We found an undocumented bug in the Apollo 11 guidance computer code
https://www.juxt.pro/blog/a-bug-on-the-dark-side-of-the-moon/
We found an undocumented bug in the Apollo 11 guidance computer code
https://www.juxt.pro/blog/a-bug-on-the-dark-side-of-the-moon/
Is it possible for a tool to know if something is AI written with high confidence at all? LLMs can be tuned/instructed to write in an infinite number of styles.

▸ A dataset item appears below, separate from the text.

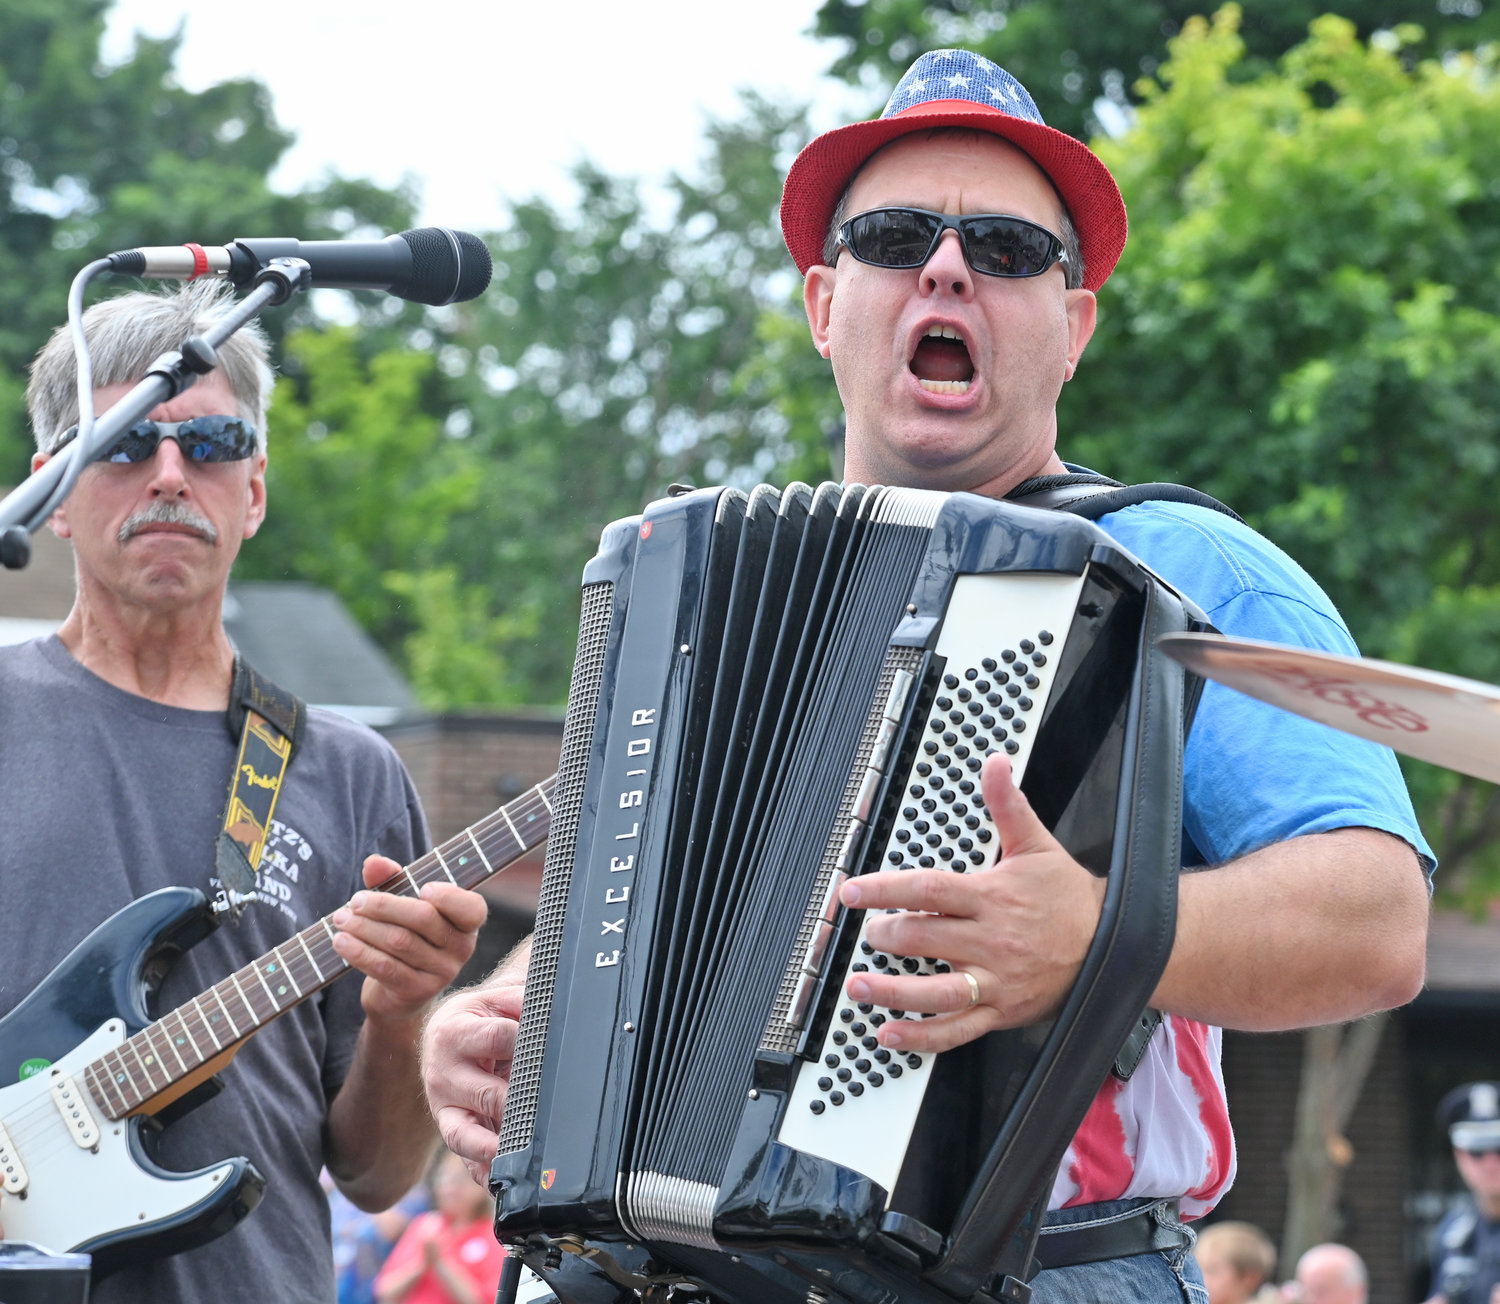 Fritz Scherz and the rest of Fritz’s Polka Band delight the crowd as they perform on a float during Saturday’s parade.
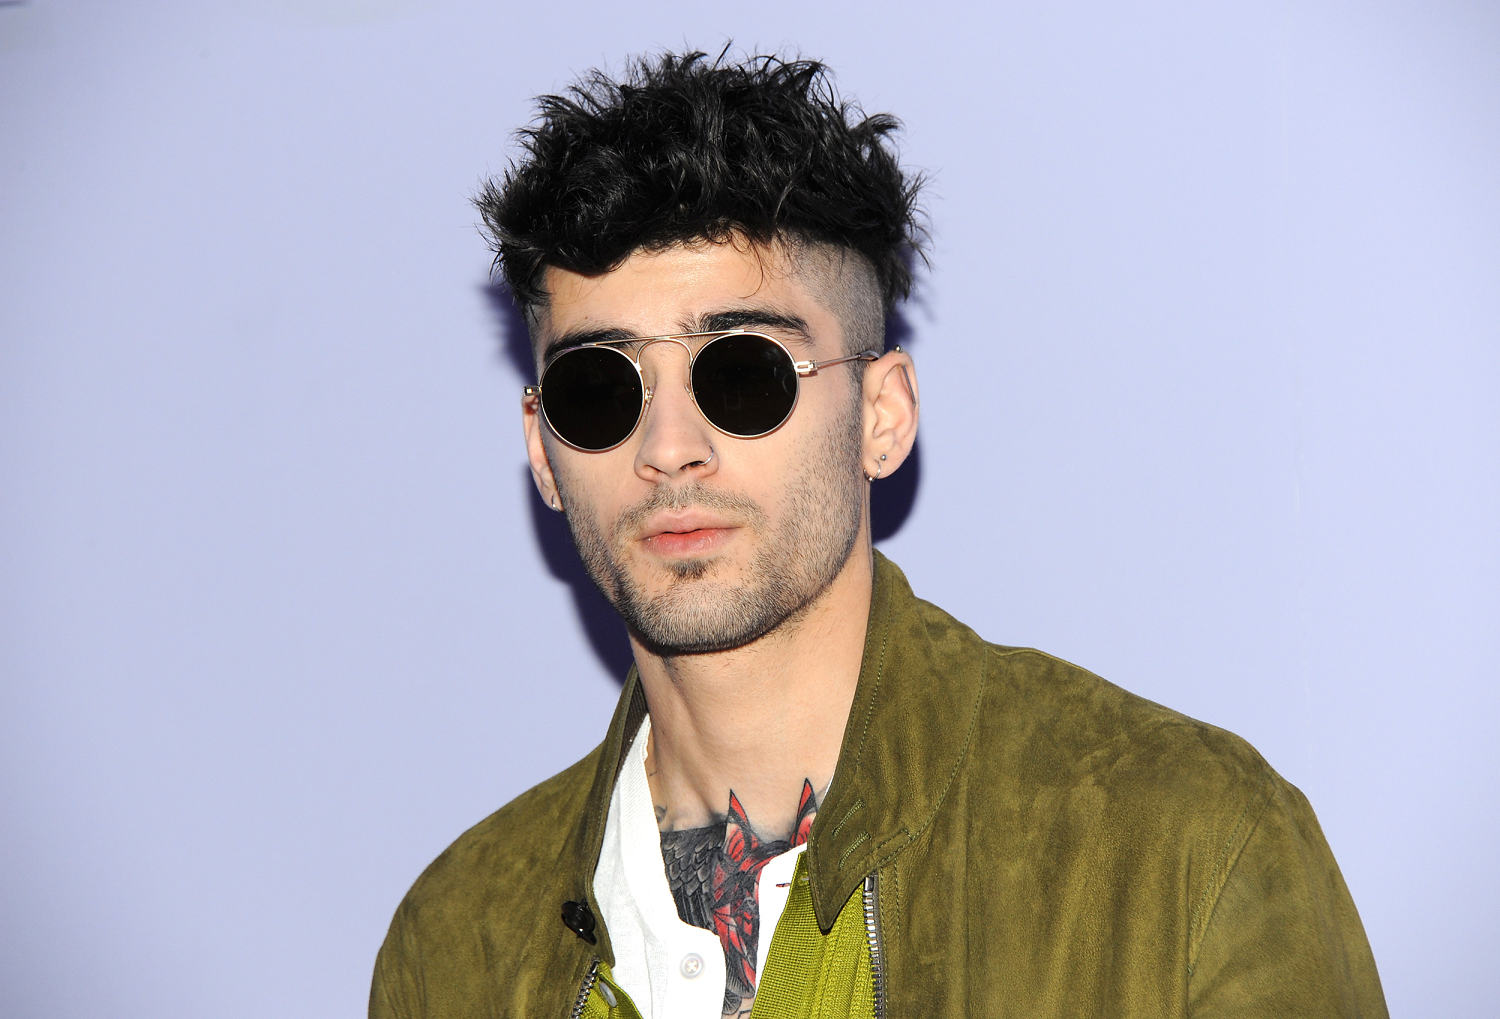 One Direction star Zayn Malik records Urdu song and South Asian fans are obsessed

Don't understand how these tools exist.
The WikiEDU project has some thoughts on this. They found Pangram good enough to detect LLM usage while teaching editors to make their first Wikipedia edits, at least enough to intervene and nudge the student. They didn’t use it punatively or expect authoritative results however. https://wikiedu.org/blog/2026/01/29/generative-ai-and-wikipe...
They found that Pangram suffers from false positives in non-prose contexts like bibliographies, outlines, formatting, etc. The article does not touch on Pangram’s false negatives.
I personally think it’s an intractable problem, but I do feel pangram gives some useful signal, albeit not reliably.
It has Claude-isms, but it doesn't feel very Claude-written to me, at least not entirely.
What's making it even more difficult to tell now is people who use AI a lot seem to be actively picking up some of its vocab and writing style quirks.